Never have I read a book like this, one long sentence with no periods in it whatsoever, just a conma thrown in here and there but that does not make it any less readable or powerful as Marcus Conway reviews his life as an engineer, husband, and father at the kitchen table, waiting for his wife and kids
the wife and kids whom we are told about so clearly we feel we have inhabited their home and physically suffered Mairead’s illness from the virus she caught after attending their daughter’s art exhibition in the city, an exhibition of art done in her own blood; or Darragh’s Skype sessions from Australia where he has temporarily landed; or fought the powers who want to pour cement for the school’s foundation even though Marcus knows the foundation will not hold,
for he knows of everything that will not hold and can name it all, from politics to infidelity to illness to raising one’s children to ultimately, dying.
I cannot imagine a book I will want to win the Man Booker Prize more than this one.
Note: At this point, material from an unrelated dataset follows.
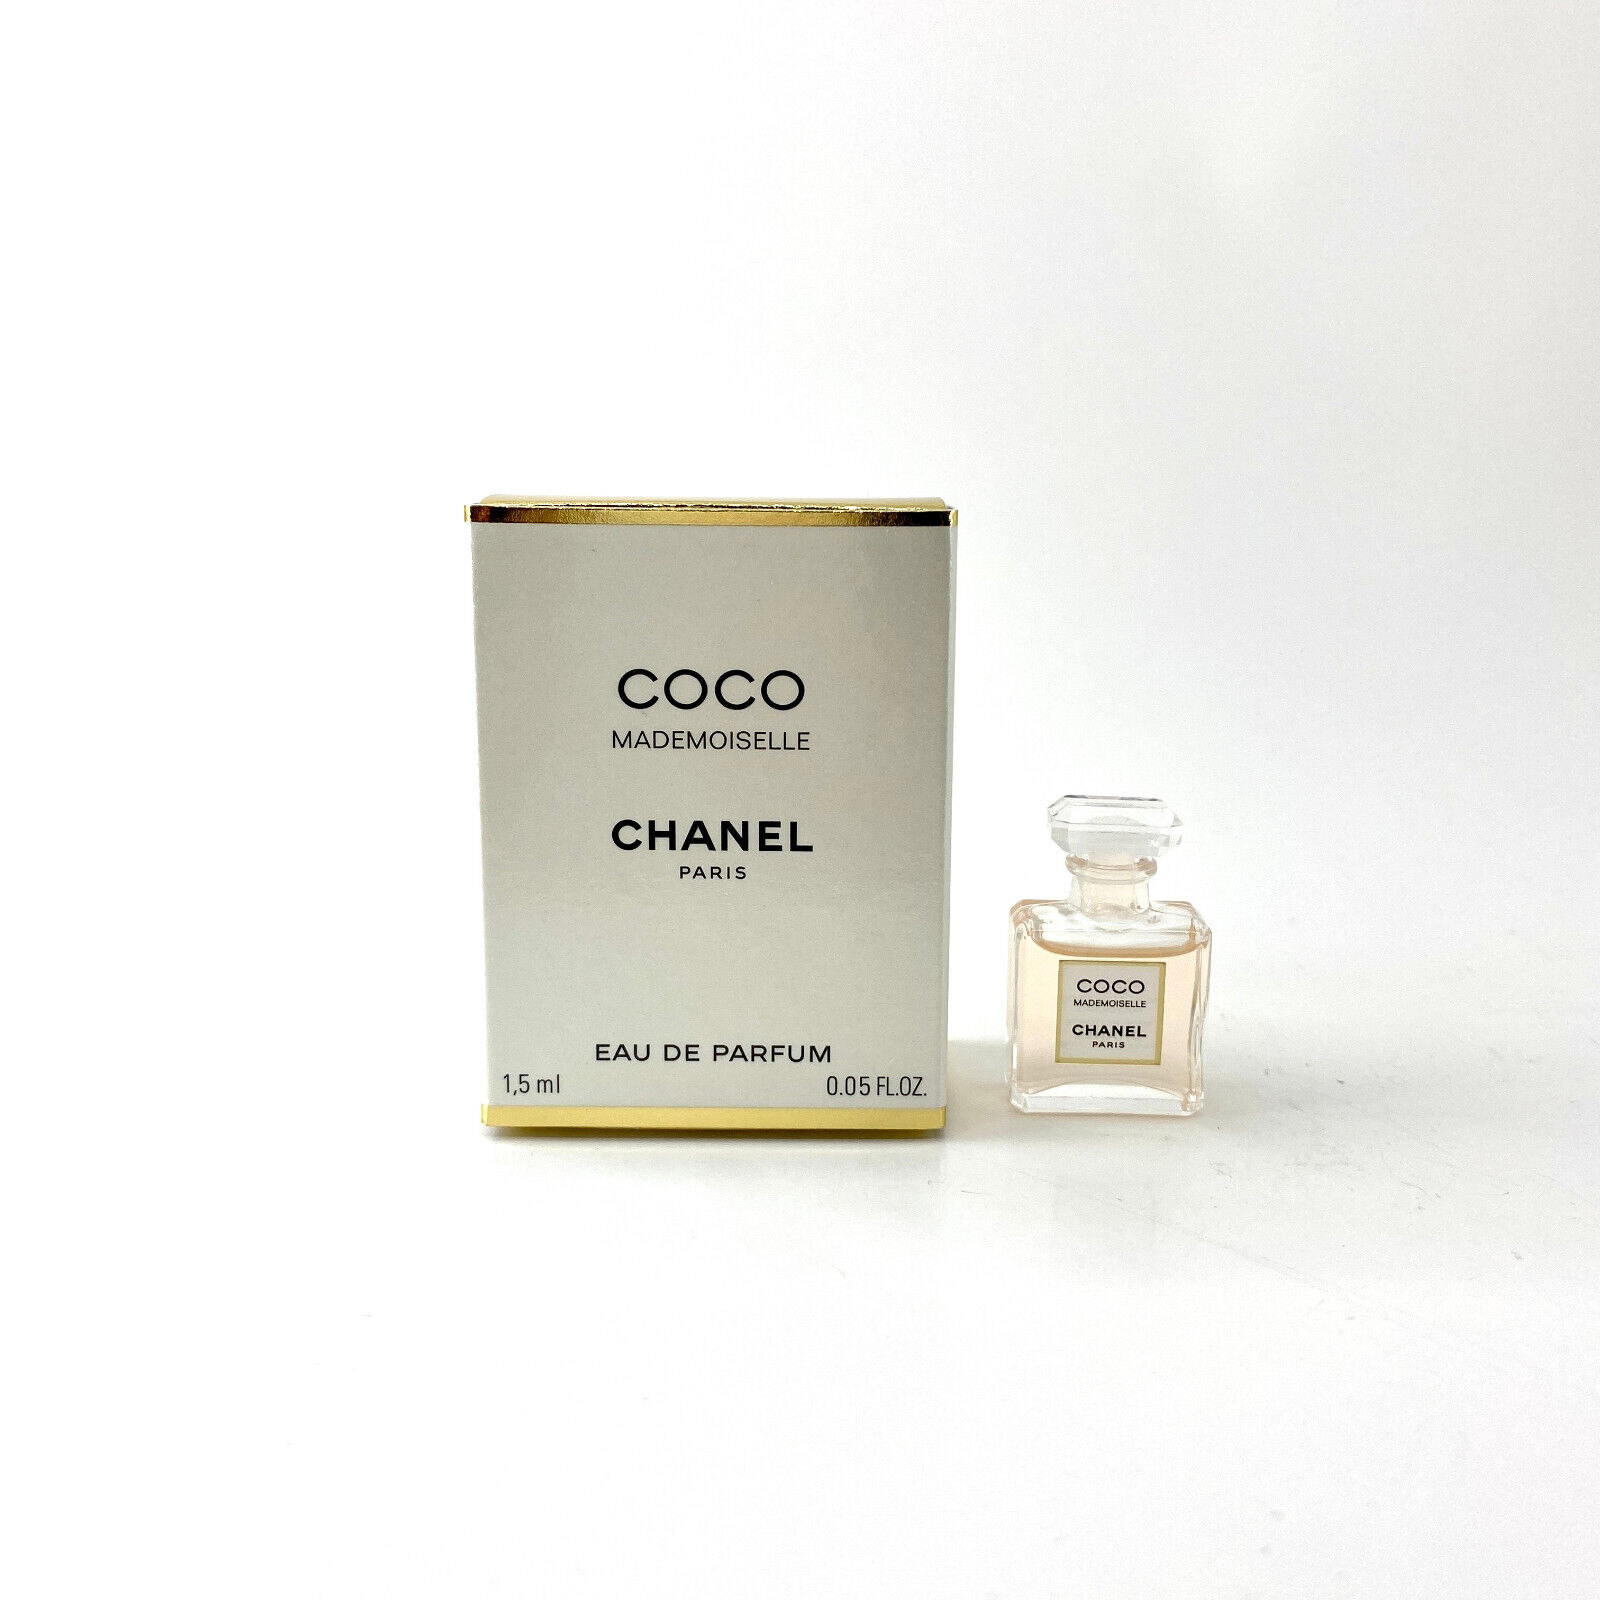 Chanel Coco Mademoiselle Eau de Parfum 1.5 ml. 0.05 fl.oz. mini micro perfume

You surely must read it.
A quote which contains the title, but by no means a summary of the novel:
“…just before the world collapses
mountains, rivers and lakes
acres, roods and perches
into oblivion, drawn down into that fissure in creation where everything is consumed in the raging tides and swells of non-being, the physical world
gone down in flames
mountains, rivers and lakes and pulling with it also all those human rhythms that bind us together and draw the world into a community, those daily
rites, rhthyms and rituals
upholding the world like solar bones, that rarefied amalgam of time and light whose extension through every minute of the day is visible from the moment I get up in the morning and stand at the kitchen window with a mug of tea in my hand, watching the first cars of the day passing on the road, every one of them known to me….
(Solar Bones was sent to me by SoHo Press, a most timely and precious gift.)